Unlike the smaller, export-oriented Asian economies, which are
vulnerable to the expected slowdown in the world economy through
1995, the large domestic market should offer Indonesia a
relatively strong cushion, according to the securities company,
which also runs a research department on international economics.
The securities firm said in its monthly review on Asian
economies that Indonesia's economy could post one of its fastest
rates of expansion in recent years before easing to a more
sustainable pace of growth in 1996.
President Soeharto said in his National Day Address at a
plenary session of the House of Representatives here last
Wednesday that the country's annual economic growth target for
the remaining four years of the current Sixth Five Year
Development Plan (Repelita VI) period should be revised upward
from an average of 6.2 percent to 7.1 percent.
The President said that the current growth projection was too
low, given the higher than estimated growth in the last five
years.
The average rate of economic growth in the previous five-year
development plan period reached 8.3 percent per annum, while in
1994, the first year of the current sixth five-year development
plan period, the figure reached 7.3 percent.
Soeharto said that the per-capita income target of US$1,020 by
1999 should be revised upward as the per capita income had
already reached $919 at the end of 1994.
"The low target does not encourage us to work harder, work
more productively and efficiently," the President said in his
speech.
Local economists also expressed optimism that the economic
growth in 1995 would pass President's revised growth target,
given the sharp increase in investment in the last two years.

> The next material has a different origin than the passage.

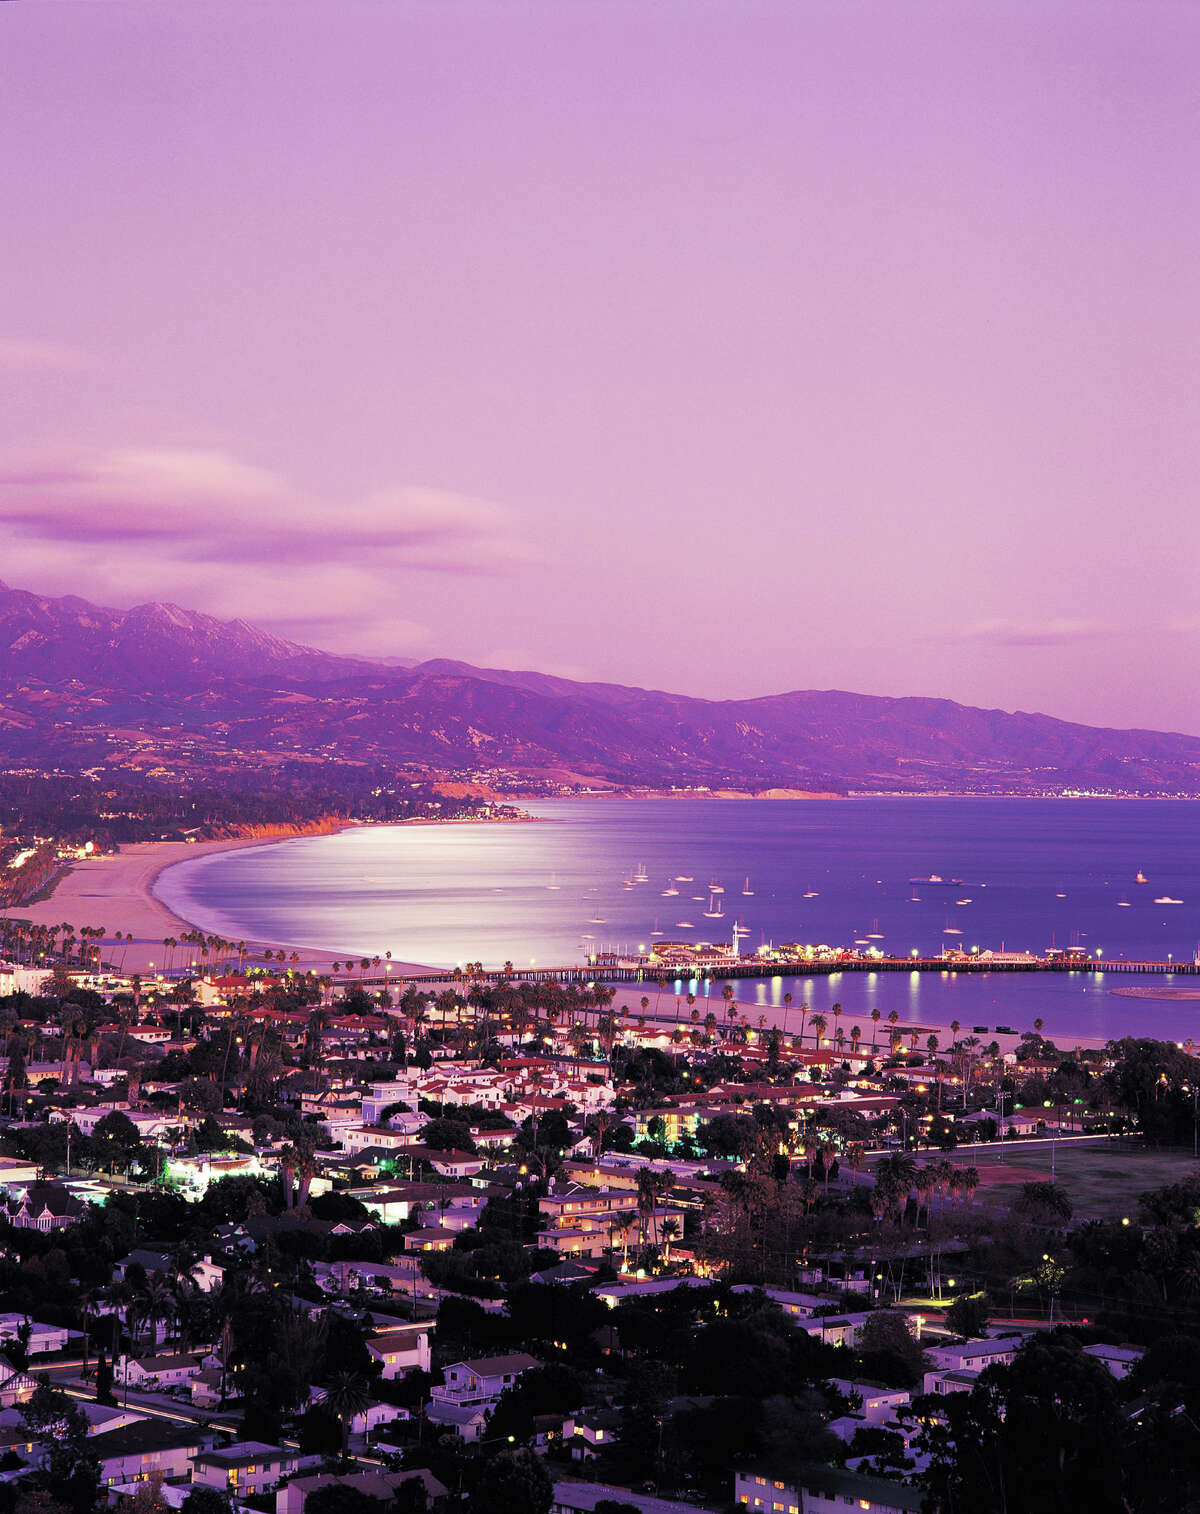 FAVORITE TRAVEL DESTINATION: Santa Barbara
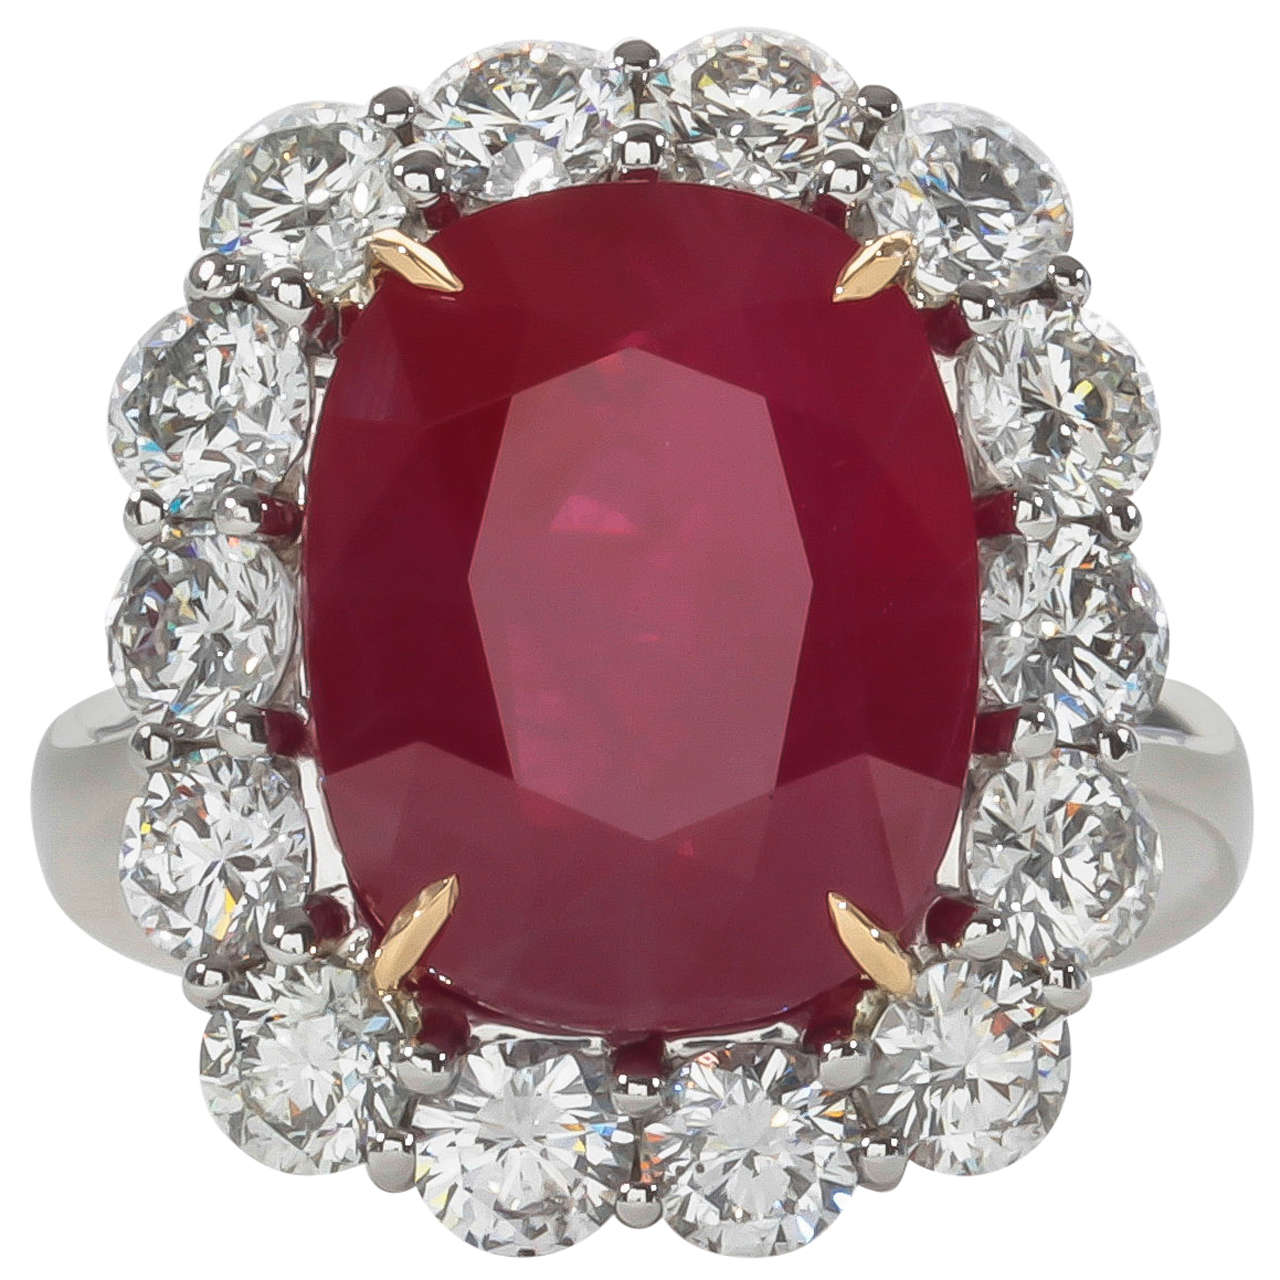 Rare 10 Carat Burma Ruby Diamond Ring White Gold Rings Ruby Diamond Rings Diamond

However, economists Loekman Soetrisno and Nopirin of the
Gadjah Mada University said in Yogyakarta on Saturday that the
higher growth target can only be achieved if the government
eradicates corruption and collusion between businesses and
government officials.
"Corruption and collusion have reached a level which can
hamper the country's economic development," Loekman was quoted by
Antara as saying.
Nopirin, who is also the dean of the university's school of
economics, said collusion had caused the concentration of almost
two-thirds of the country's wealth in the hands of a limited
group of people.
Merrill Lynch said that a buoyant fixed investment growth of
about 12 percent per annum is likely to be the major contributor
to Indonesia's economic expansion, especially as the investment
approvals in the past 12 months get translated into actual
spending.
Investment growth is also likely to be bolstered by ongoing
efforts to improve key infrastructure like electricity supply,
telecommunications and transportation, it said.
Merrill Lynch, which last year acted as the global coordinator
of the initial public offering of Indosat, the first state-owned
firm listed on the New York Stock Exchange, the relatively
buoyant consumption growth should also contribute to Indonesia's
economic expansion in the coming years.
The securities company, however, warned that a high inflation
rate and a larger external deficit will remain a problem.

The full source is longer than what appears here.